The above refractive index values are all at a wavelength of 550 nm.

  The thickness of each of the high refractive index layer and the low refractive index layer is not particularly limited, but is usually about 0.0005 to 0.002 mm. The high refractive index layer and the low refractive index layer may have different thicknesses or the same.

In the present invention, the infrared reflective film has such a high refractive index layer and a low refractive index layer, and further contains an infrared absorbing material.
In the present invention, the infrared-absorbing substance is not particularly limited, but preferably includes an infrared-absorbing dye and / or an infrared-absorbing pigment as the infrared-absorbing substance. More preferably.
In addition, as the infrared absorbing substance, at least one selected from the group consisting of ITO, zinc oxide doped with aluminum (AZO), tin oxide doped with antimony (ATO), and zinc oxide (hereinafter referred to as “ITO etc.”) Also preferably in the form of fine particles, more preferably at least one fine particle selected from the group consisting of these.
In the present invention, the infrared absorbing substance may include at least one selected from the group consisting of such infrared absorbing dyes, infrared absorbing pigments, ITO, and the like, or may include all of them.

Each of these infrared absorbing materials will be described.
The infrared absorbing dye will be described.
In the present invention, the infrared absorbing dye is not particularly limited as long as it is a dye that absorbs infrared rays. For example, cyanine dyes, cross-linked cyanine dyes, trinuclear cyanine dyes, merocyanine, carbocyanine dyes (eg, 3,3′-diethyloxatricarbocyanine iodide, 1,1 ′, 3,3,3 ′, 3′-hexa Methylindotricarbocyanine perchlorate, 1,1 ′, 3,3,3 ′, 3′-hexamethylindotricarbocyanine iodide, 3,3′-diethylthiatricarbocyanine iodide, 3,3′- Diethylthiatricarbocyanine perchlorate, 1,1 ′, 3,3,3 ′, 3′-hexamethyl-4,4 ′, 5,5′-dibenzo-2,2′-indotricarbocyanine perchlorate), Phthalocyanine dye, naphthalene dye, metal complex dye (such as bis [4-dimethylaminodithiobenzyl] nickel), metal dithiolate dye (such as nickel Olate dyes (bis [4-dimethylaminodithiobenzyl] nickel, bis [dithiobenzyl] nickel, bis [1,2bis- (n-butylthio) ethene-1,2-dithiol] nickel, bis [4,4′- Dimethoxydithiobenzyl] nickel, bis [dithioacetyl] nickel)), metal dithiolene dye (nickel dithiolene), bis (chalcogenopyrrillo) polymethine dye, bis (aminoaryl) polymethine dye, indene-crosslinked polymethine dye, tetraarylpolymethine dye, etc. Polymethine dyes, diphenylmethane dyes, triphenylmethane dyes, quinone dyes, azo dyes, complex dyes (such as complex dyes of ferrous iron), squarylium dyes, chalcogenopyryro-arylidene dyes, oxoindolizine dyes, anthraquinone and naphtho Non-derivative dyes, pyrocholine dyes, oxonol dyes, squalene dyes (chromium squalene dyes, thiopyrylium squalene dyes, etc.), thiochromium squalene dyes, polyisothianaphthene dyes, indoaniline dyes, azomethine dyes Indoaniline methide dye, tetraarylaminium radical cation dye, metallized quinoline indoaniline dye, squarylium dye, and squaraine.
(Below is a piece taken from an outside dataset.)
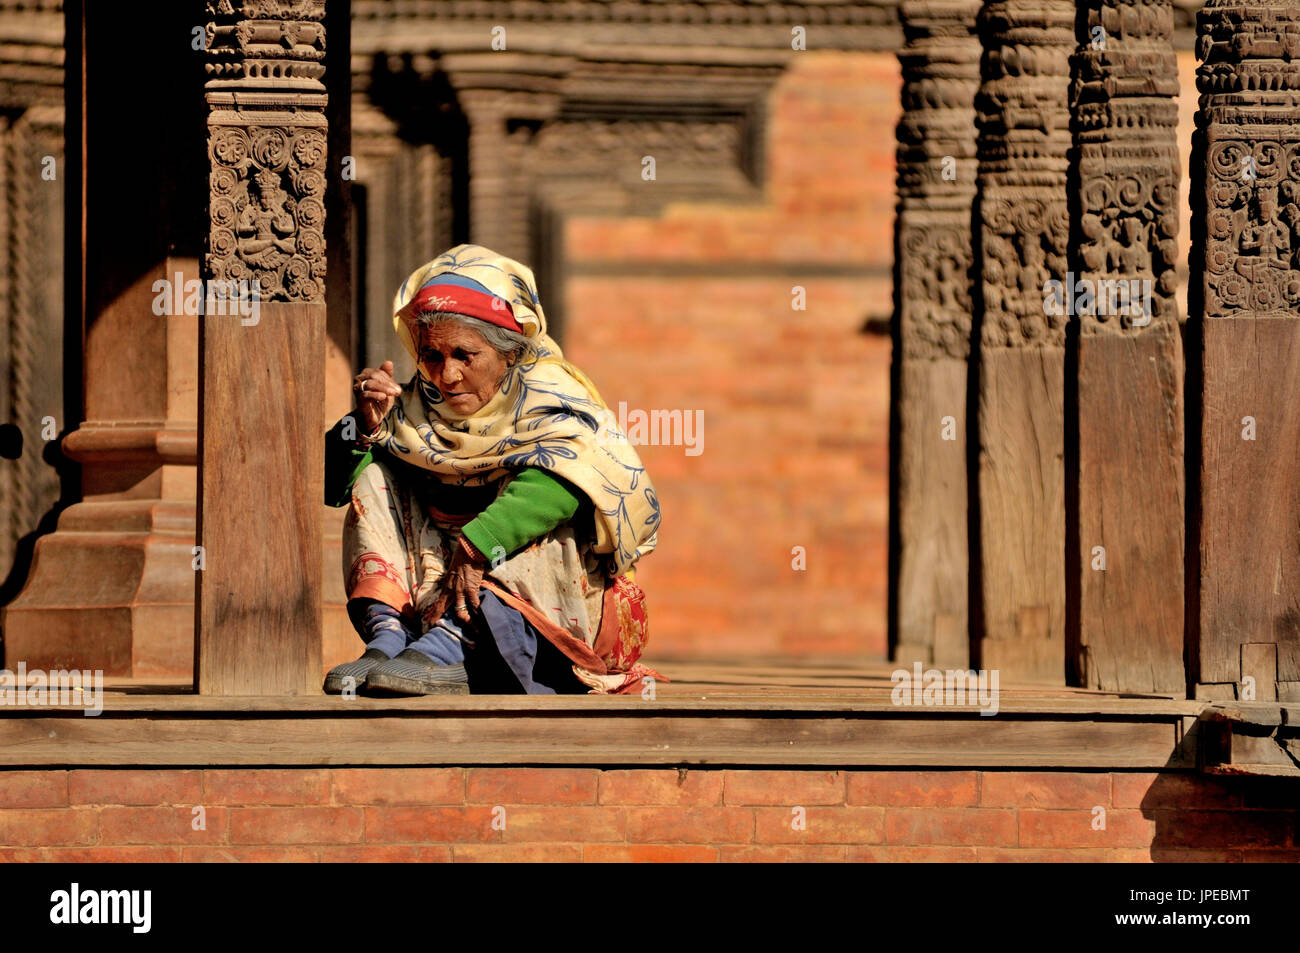 Nepal woman, resting in the square between the temples of Durbar Sq in Bhaktapur, Nepal Stock Photo

  Such an infrared absorbing dye is cheaper than, for example, ITO or hexaboride described in Patent Document 3, and therefore the infrared absorbing property similar to that when ITO or hexaboride is used is the window of the present invention. This is preferable because the cost required for applying to the laminated glass can be reduced. In addition, compared with the case of using ITO or hexaboride fine particles or pigment, this infrared absorbing dye is less likely to aggregate when dispersed in the infrared reflective film, and can be uniformly dispersed. Generation of haze can be suppressed, and this is preferable in that high infrared absorption ability can be imparted to the laminated glass for windows of the present invention. Furthermore, as will be described later, when the infrared reflective film used in the present invention contains an infrared absorbing pigment or ITO in the form of fine particles, these are preferably included in the base layer of the infrared reflective film. Since a sex dye may be contained in parts other than a base layer, it is preferable at the point that manufacture is easy.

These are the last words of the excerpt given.